I can see it coming. I have a 16 month old baby girl here at home and a 10.5 yr old going to school each day for right now until school ends. This boy is due in May and I can see it coming. I am currently flooded with requests to read "Goodnight Piggyboo" and "Little Quack Plays Hide and Seek". If I am not carefully aware of my surroundings at the time, the book may land squarely in my forehead as a request. I love the fact that she is so interested in books but can see the separation anxiety starting right now. I got out of the car to walk one of our girl scout troop members to her door the other night and I heard the wail of crying coming from the car because I had vacated my seat next to her. Never mind the fact that Daddy and big sister were still in the car with her and the music she so loves was still going.
I am turning a little fearful of the "jealousy" that I may be encouraging by not tackling these small problems now. I know it's normal for her to want Mama now that she actually calls me that versus Daddy or UUUhhhh. I worry about how to handle when I have to breastfeed her brother and she wants mommy and daughter time.
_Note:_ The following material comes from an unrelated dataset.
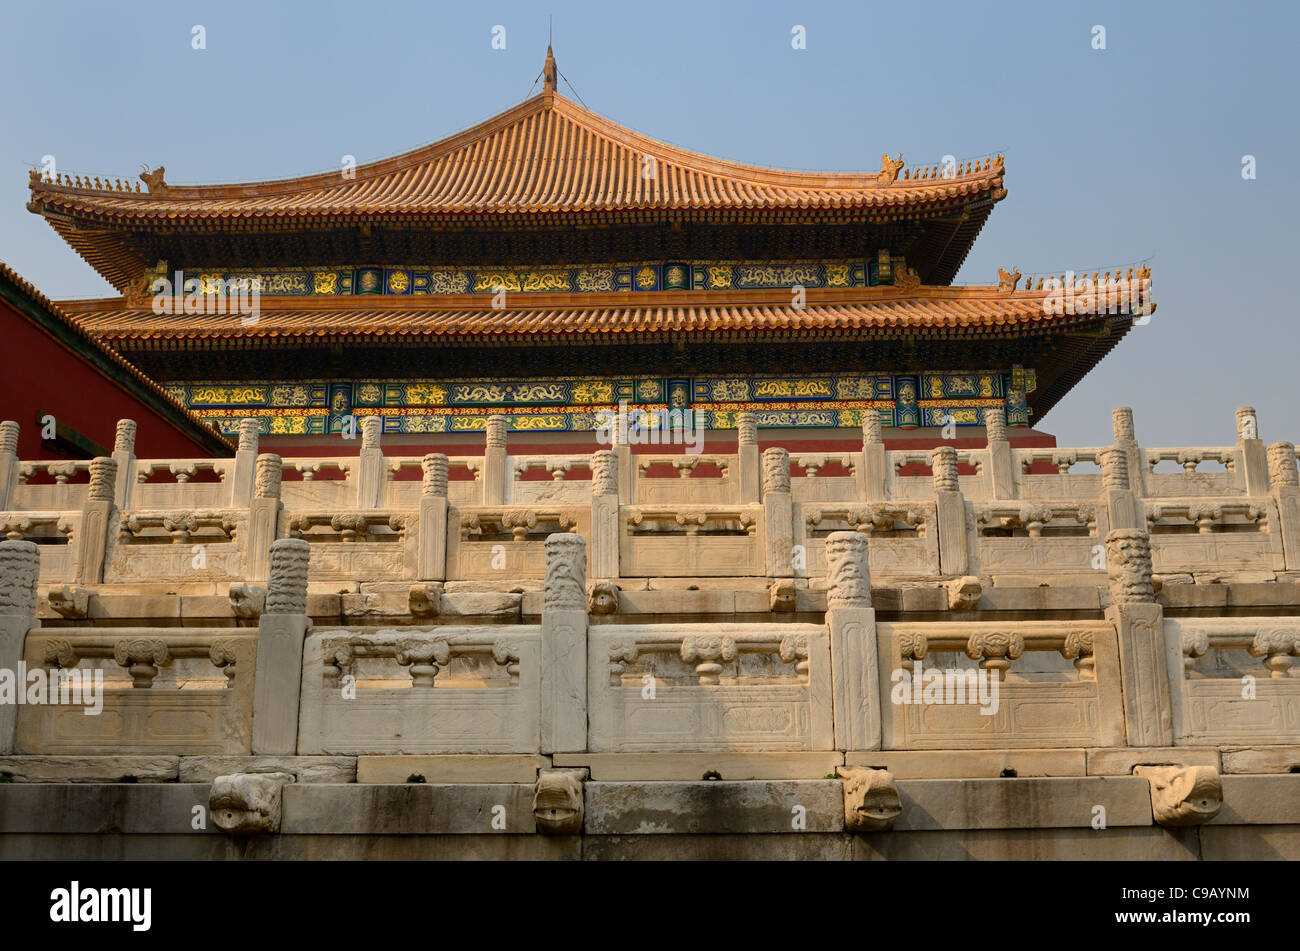 Vue de côté de la salle de l'harmonie suprême dans la Forbidden City Beijing Chine Banque D'Images

She does do a lot of play on her own here during the day so I am not a constant attachment to her side. Maybe it will all fall into place and she will be more facinated with the new baby brother to worry about attention loss, I can only hope. I am willing to take suggestions from anyone who has faced this dilema in their own families.
I've gotten her to go to bed regularly with the sound of her Fisher Price aquarium crib toy. She loves the sound of the rain and it seems to do the trick just beautifully to get her to go to bed. We had a week of frustration in trying to learn that bedtime was bedtime and she was going down to bed without being rocked or having food/bottle. My mother is more than happy to take care of her while we are in the hospital which is a BIG help. I just want to make sure I haven't created a monster for her to handle. So the bedtime routine should help ease transition for the few days I'm gone.
My goodness I believe she is going into a growth spurt as well. She is drinking more milk/soy and eating more table food than before. She actually almost finished a full Gerber Graduate Spaghetti and Mini Meatball meal for the first time and napped for 3 hours in the AM and then 1 hour in the evening. Normally the 3 hour nap would suffice until bedtime. She napped from 7-8pm, woke up happy, played and then went down no problem at 10pm usual time. What was interesting was her getting up this morning. She woke up with a screeching cry and then started laughing when she saw that I was startled awake by her abrupt call.
My poor husband and his knee. He got up at 2:30am and couldn't get back to sleep due to the pain in his kneecap. He took his medicine, used the TENS unit for a bit and put on a cryocuff to help ice down the inflamation. He had a good work out at the PT session yesterday which I know would bring about a bit more pain but this is almost like post surgery pain. We shall put a call into the doctor to see if this is normal or if maybe something was missed. I trust the doctor debrided all he was suppose to, just hoping this pain in the kneecap goes away in a short time. Prior to his workout, he seemed to have been having a great day.
Well, it's almost time for Baby Story on TLC. I'm a sucker for that program now. Matter of fact, I'm getting anxious to meet our little one now. I keep seeing these women having babies on tv and now I'm thinking like Jennifer Aniston's character on Friends. "Everyone is going before me, it's MY turn next!" LOL In due time I will have this munchkin and it will be when he's ready I hope. But I prepare myself for a possible induction just like the rest.
Have a great day all and I hope to hear from anyone with suggestions for me on handling two little ones at home. I look forward to being the mother of three but I do worry about how to handle some of the challenges.